Feel like I have to decide between an academic program or having a life...

This forum made possible through the generous support of SDN members, donors, and sponsors. Thank you.

cameraGEEK

Full Member
10+ Year Member
Joined
Oct 9, 2010
Messages
70
Reaction score
0
I am at a top school, and have done very well in med school. Everyone tells me if I want to do a fellowship, or get a good job later, I should go to a residency in an academic program... yet, I find myself looking more at the community programs because all the academic ones I have seen on Freida have 65-75 avg hours per week.

I am feeling like I have to decide between going to an academic program and seeing my kids for the next three years. Does anyone else feel this way?

Are there academic, well-regarded programs that also have good hours?
 
I am at a top school, and have done very well in med school. Everyone tells me if I want to do a fellowship, or get a good job later, I should go to a residency in an academic program... yet, I find myself looking more at the community programs because all the academic ones I have seen on Freida have 65-75 avg hours per week.

I am feeling like I have to decide between going to an academic program and seeing my kids for the next three years. Does anyone else feel this way?

Are there academic, well-regarded programs that also have good hours?
 
I am at a top school, and have done very well in med school. Everyone tells me if I want to do a fellowship, or get a good job later, I should go to a residency in an academic program... yet, I find myself looking more at the community programs because all the academic ones I have seen on Freida have 65-75 avg hours per week.

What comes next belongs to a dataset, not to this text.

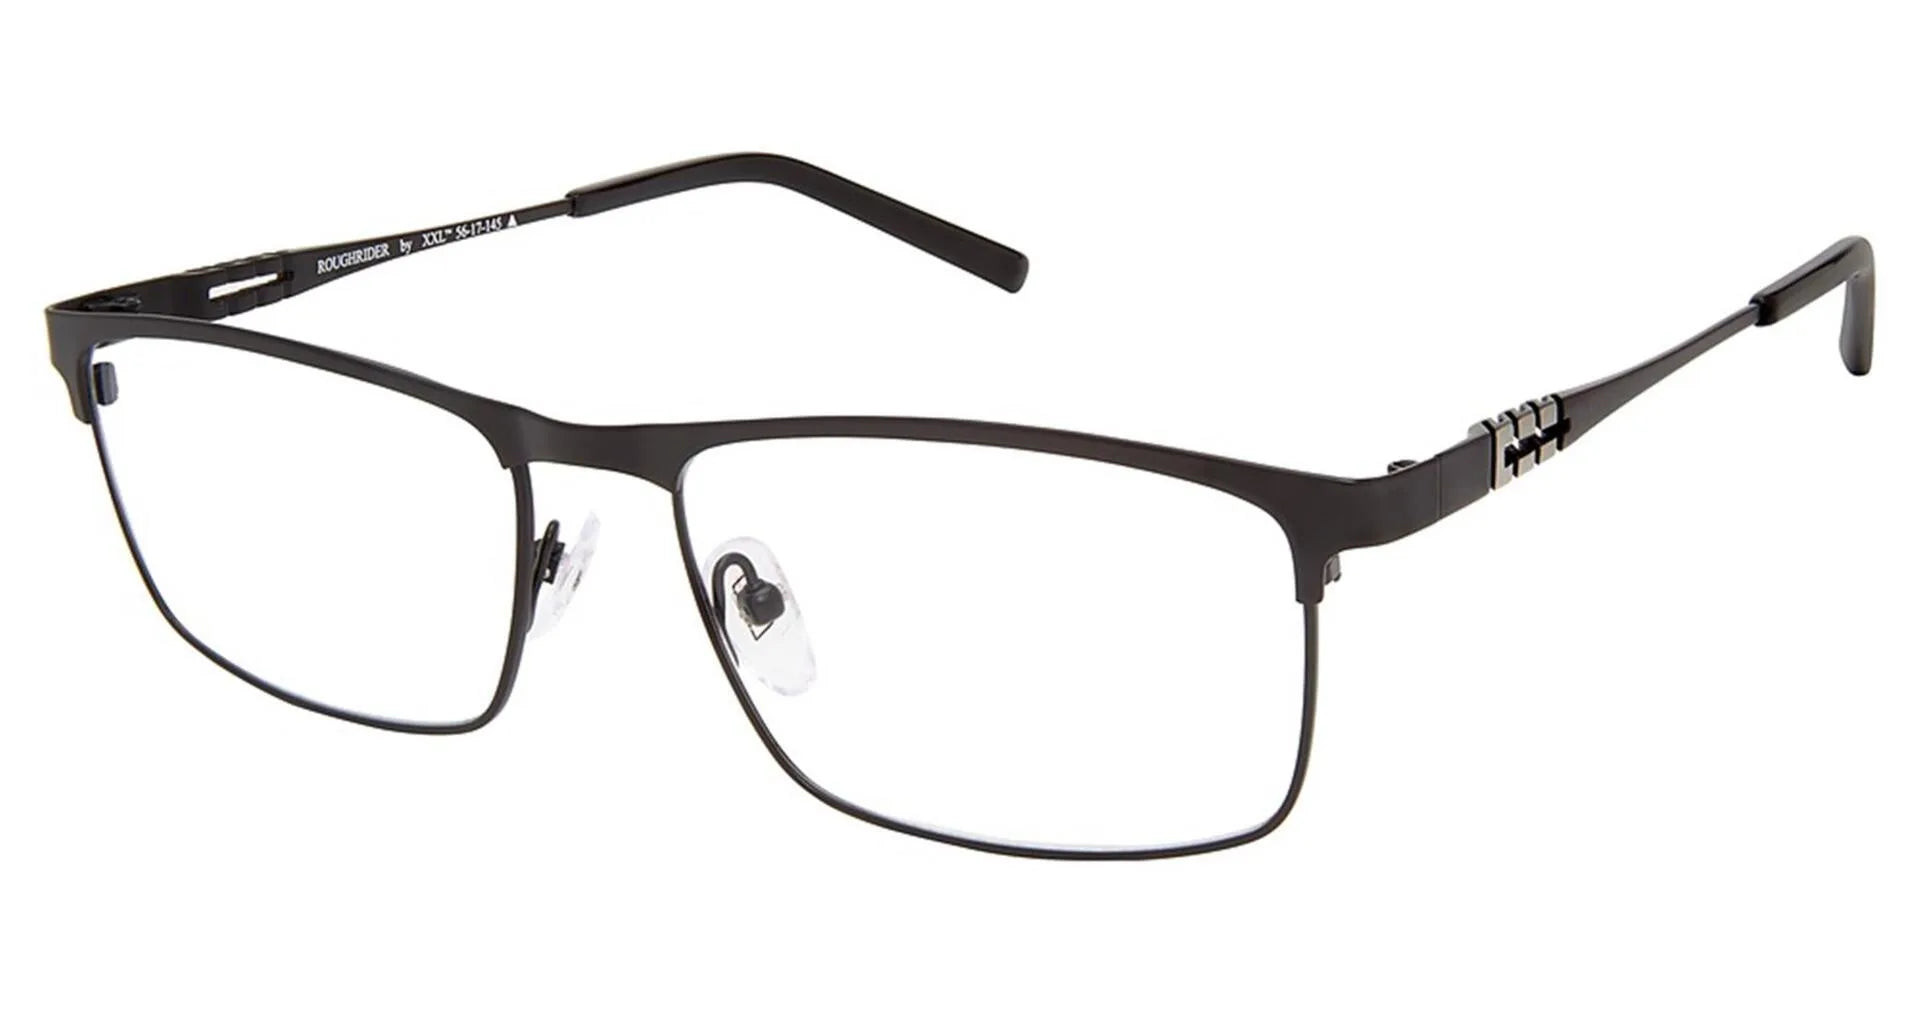 XXL Eyewear Roughrider Eyeglasses Black

I am feeling like I have to decide between going to an academic program and seeing my kids for the next three years. Does anyone else feel this way?

Are there academic, well-regarded programs that also have good hours?

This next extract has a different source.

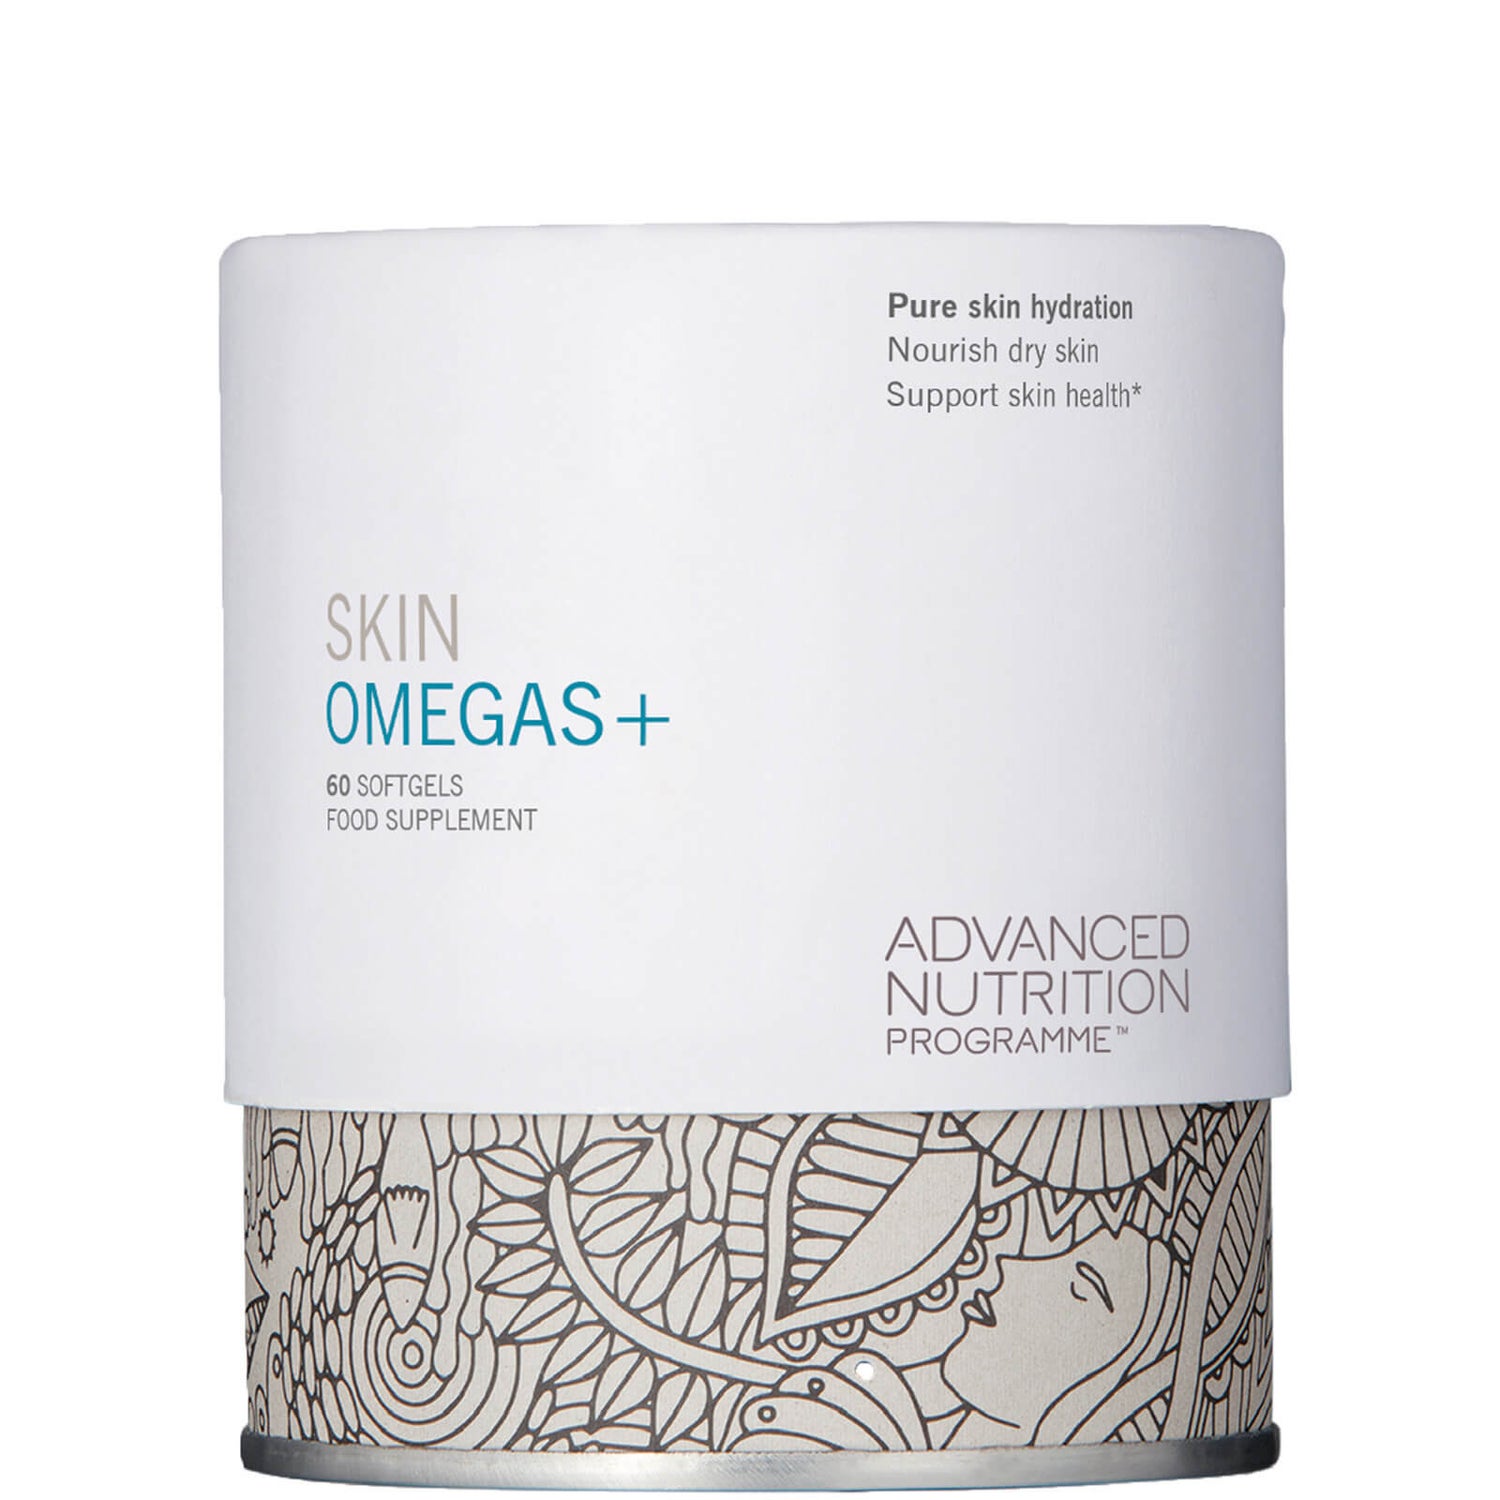 Advanced Nutrition Programme™ Skin Omegas+

You're going to work hard where ever you go. In my very limited knowledge, I have the impression that the newer ACGME regulations have made programs more similar than dissimilar as for as work hours. Pick the program you like and pick the program that's going to fit you best. It's "only" three years.

Think about future career goals once you're there and pick accordingly (i.e. don't go into interventional cardiology etc etc if you want a life).

If anything, I'd pay attention to how many inpatient months your program puts you through to determine the "rigor".
 
I am at a top school, and have done very well in med school. Everyone tells me if I want to do a fellowship, or get a good job later, I should go to a residency in an academic program... yet, I find myself looking more at the community programs because all the academic ones I have seen on Freida have 65-75 avg hours per week.

I am feeling like I have to decide between going to an academic program and seeing my kids for the next three years. Does anyone else feel this way?

Are there academic, well-regarded programs that also have good hours?

65-75 are "good hours" in residency. Fellowship will be worse than that, at least the first year in almost any fellowship that has a significant in-patient load/consult service. So if you are thinking about fellowship, get used to working hard for a few years.

Why do I get so sick by the entitled, spoiled, and lazy attitudes of this millennial generation. It's three years. Afterwards find your lifestyle job. Suck it up. Anywhere that is only making you work 40-50 hours per week will probably turn out a sub-par internist, and you won't feel comfortable working on your own, not for a long time. You WANT to be fairly busy in a supervised fashion in training to see what you need to see with all of the formal teaching and feedback mechanisms built into residency before you head out in the real world. It's the only way to develop enough competence to begin to work on your own.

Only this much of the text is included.